Welcome to this week's Threat Level Thursday, where we'll see how the NSA shares its information with other law enforcement agencies, the power of encryption, how Android may be the bane of some Android apps, and the unnerving conviction of a former U.S. cybersecurity official.

The NSA's 'Google-like' Search Engine

More news from famed whistleblower Edward Snowden. Documents obtained by The Intercept show that the NSA has created a "Google-like" search engine to share information with law enforcement agencies. Dubbed ICREACH, the engine is built to share more 850 billion records containing phone calls, cellphone locations, emails, and Internet chats and is the first piece of solid evidence that the NSA has been sharing its intelligence with domestic law enforcement agencies. Information from ICREACH can be used to map out networks, predict future actions, and even uncover religious or political beliefs.

"The ICREACH team delivered the first-ever wholesale sharing of communications metadata within the U.S. Intelligence Community," noted a top-secret memo dated December 2007. "This team began over two years ago with a basic concept compelled by the IC's increasing need for communications metadata and NSA's ability to collect, process and store vast amounts of communications metadata related to worldwide intelligence targets."
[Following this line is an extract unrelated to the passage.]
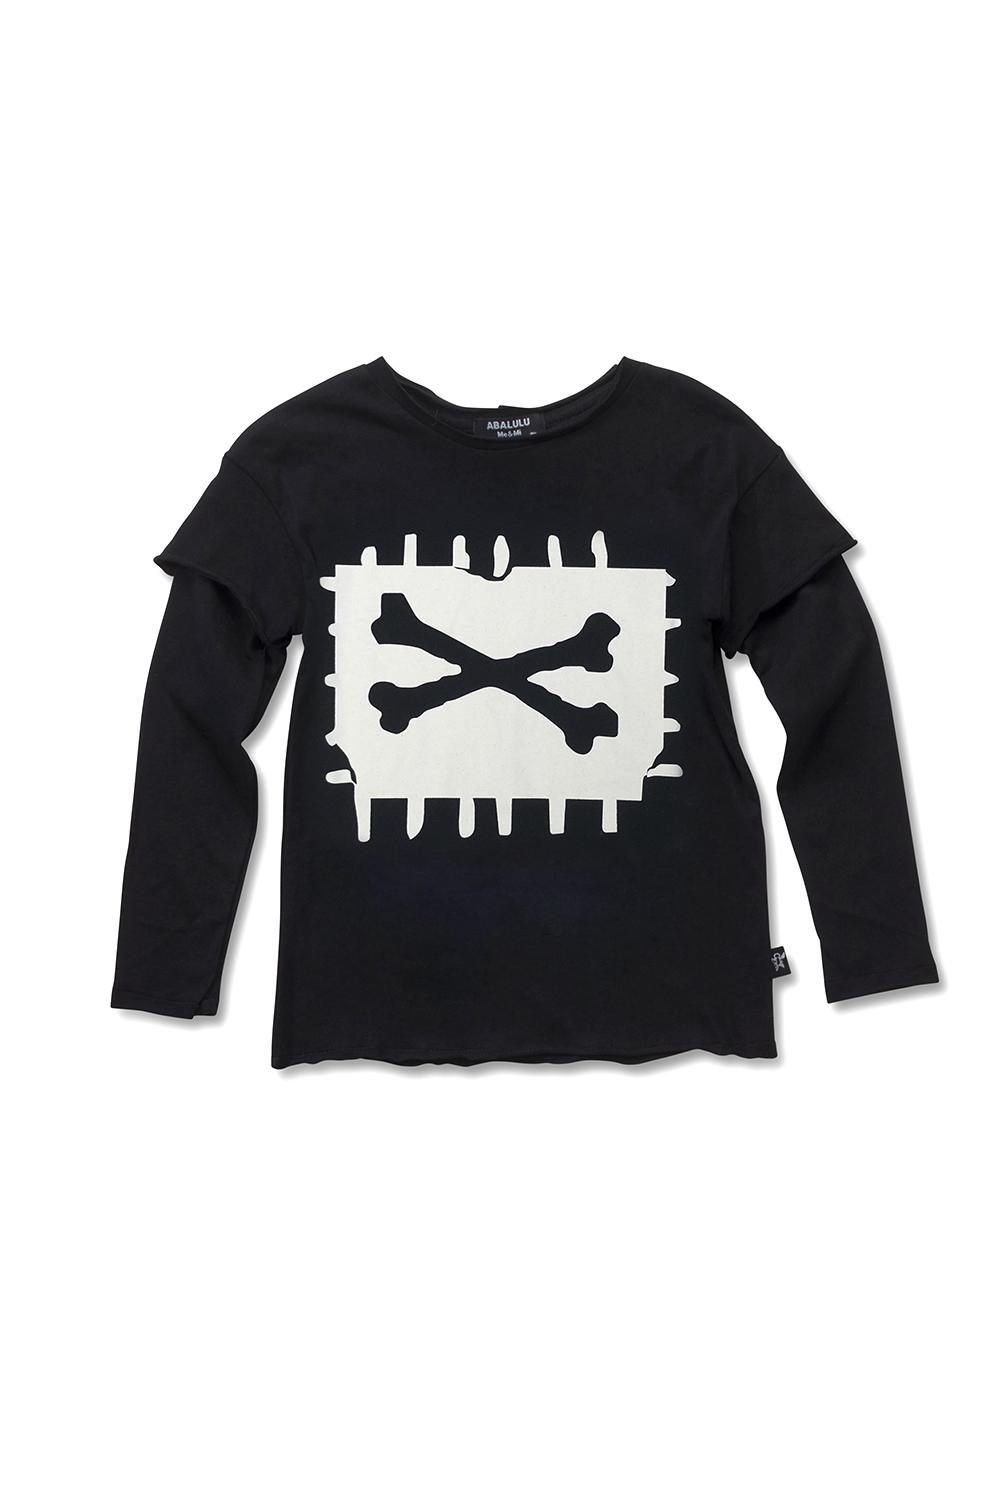 חולצת לילדים X-Bone שחורה ארוכה

A 2010 memo shows that 1,000 analysts at 23 U.S. government intelligent agencies have access to ICREACH. Documents reveal that the FBI, DEA, CIA, and the Defense Intelligence Agency are some of its biggest fans.

Encryption Is the Key

Cybersecurity is no joke now that a majority of Americans now have some form of sensitive information floating around the digital sphere. As lawmakers fumble in Washington to decide how many rights and protections individuals should have on the Web, Google executive chairman Eric Schmidt says that technology can solve what policy can't.

Speaking at a three-day workshop at Stanford, Schmidt told former Secretary of State Condoleezza Rice that encryption is what will ultimately thwart cyber criminals.

"Everything is going to have to be encrypted all the way," Schmidt said.

Schmidt did go further and offer hope, saying that completely unbeatable end-to-end encryption is possible "within our lifetime." Google's Gmail service and Yahoo's email service have both recently instated end-to-end encryption for messages.

Android Apps Vulnerable to Hackers

Researchers recently revealed that a number of high profile Android apps containing vital user data could be compromised by one piece of malware. Among those affected include Gmail and WebMD. This time, however, it isn't the apps' faults. In fact, the reason the apps are vulnerable is because they run within the same operating system.  

"The assumption has always been that these apps can't interfere with each other easily," Zhiyun Qian, one of the research team's engineers, said in a statement. "We show that assumption is not correct, and one app can in fact significantly impact another and result in harmful consequences for the user."

Some experts say the coding is too complex for this to become a widespread threat, but the engineers claim they could probably do the same to Apple's iOS and Microsoft's Windows operating systems.

Cybersecurity Director Convicted for Child Pornography

The former acting director of cybersecurity for the U.S. Department of Health and Human services was convicted Tuesday of "engaging in a child exploitation enterprise, conspiracy to advertise and distribute child pornography, and accessing a computer with intent to view child pornography in connection with his membership in a child pornography website."

Timothy DeFoggi became the sixth individual to be convicted as part of an ongoing investigation concerning three child pornography websites.

In a chilling statement, the U.S. Department of Justice says that DeFoggi "accessed child pornography, solicited child pornography from other members, and exchanged private messages with other members where he expressed an interest in the violent rape and murder of children."

Makes you wonder who's really protecting digital data out there.